Date of Award

Summer 2018

Document Type

Dissertation

Degree Name

Doctor of Philosophy (PhD)

Department

History

First Advisor

Marten, James

Second Advisor

Jablonsky, Thomas J.

Third Advisor

Avella, Steven M.

Abstract

Historians have periodized the last decade of the nineteenth and first two decades of the twentieth centuries as the Progressive Era.The Era is characterized by booming industrialization, unregulated corporate capitalism, rapid urbanization, and immigration from countries other than northern Europe. These developments unleashed an explosion of reforms intended to solve the social problems that emanated from these unsettling developments. Reformers beseeched the courts and state and national legislatures to regulate banks and big businesses.
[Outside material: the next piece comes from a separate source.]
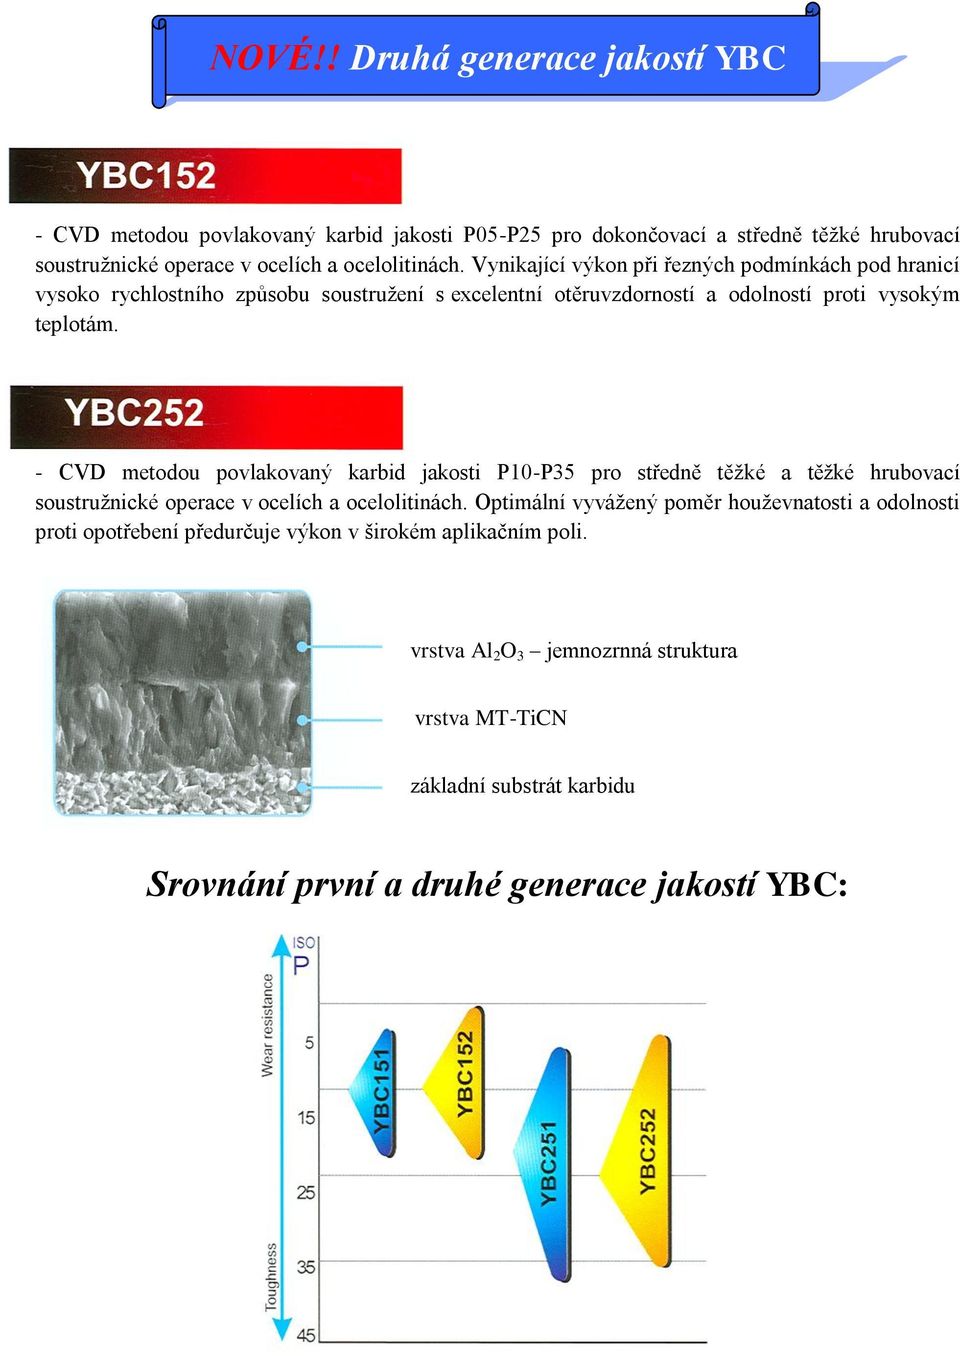 - CVD metodou povlakovaný karbid jakosti P10-P35 pro středně těžké a těžké hrubovací soustružnické operace v ocelích a ocelolitinách.
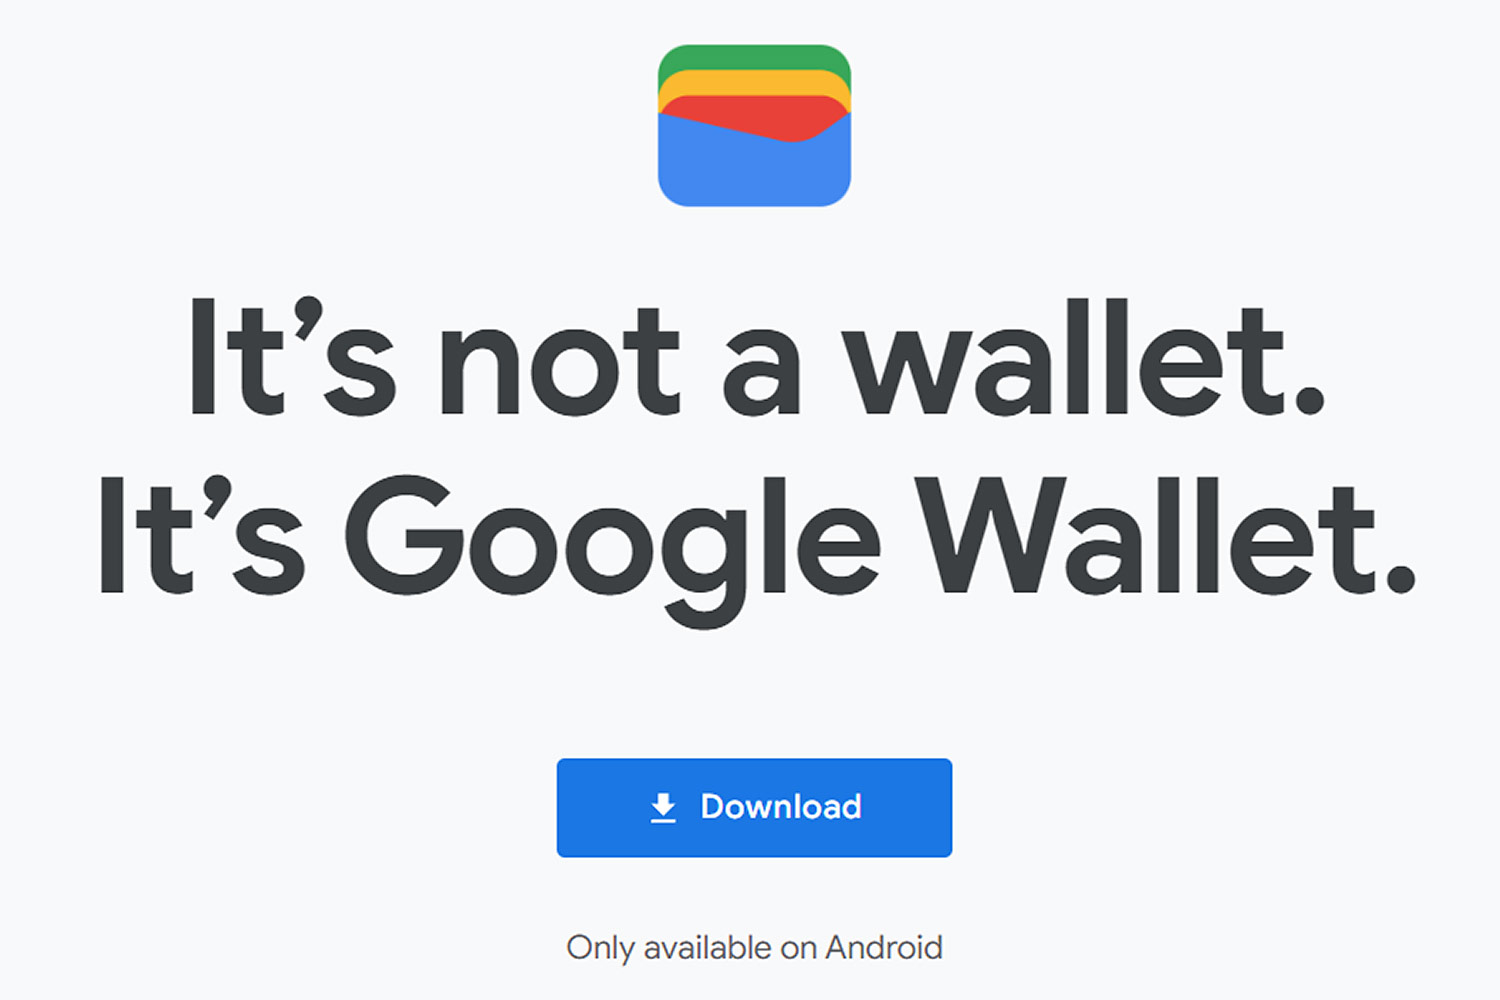 Google Wallet Lands

Urban reformers and liberal religious leaders established settlement houses to uplift immigrants morally and socially. Other reformers espoused religious or secular communitarian philosophies to dignify labor, or to provide model communities that others could emulate.This is a case study of one such communitarian model, founded on conservative Protestant principles and intended to be an industrial city that would attract Christians to live, to work, and to prosper. Founder John Alexander Dowie developed a physical environment that encompassed many of the progressive priorities of the era, such as orderly neighborhoods, parks, and playgrounds. City ordinances forbad alcohol and other vices inherent in urban centers. Within a few years, Dowie was forced into bankruptcy, and died shortly thereafter. Progressive members of his congregation emerged to re-create the city as a modern, yet moral industrial city. In spite of their progressive vision, their success was thwarted by a powerful antagonist whose goal was to return the city to a conservative theocracy.Using multiple regional newspapers, trade journals, magazines, and institutional records, this project analyzes the strong progressive elements evident in the physical layout of the city and the labors of progressive businessmen who worked to advance the benefits of the city to industrialists, and to connect the city to the burgeoning Chicago market while maintaining the moral precepts vital to the era, and central to their own faith, assumptions, and values.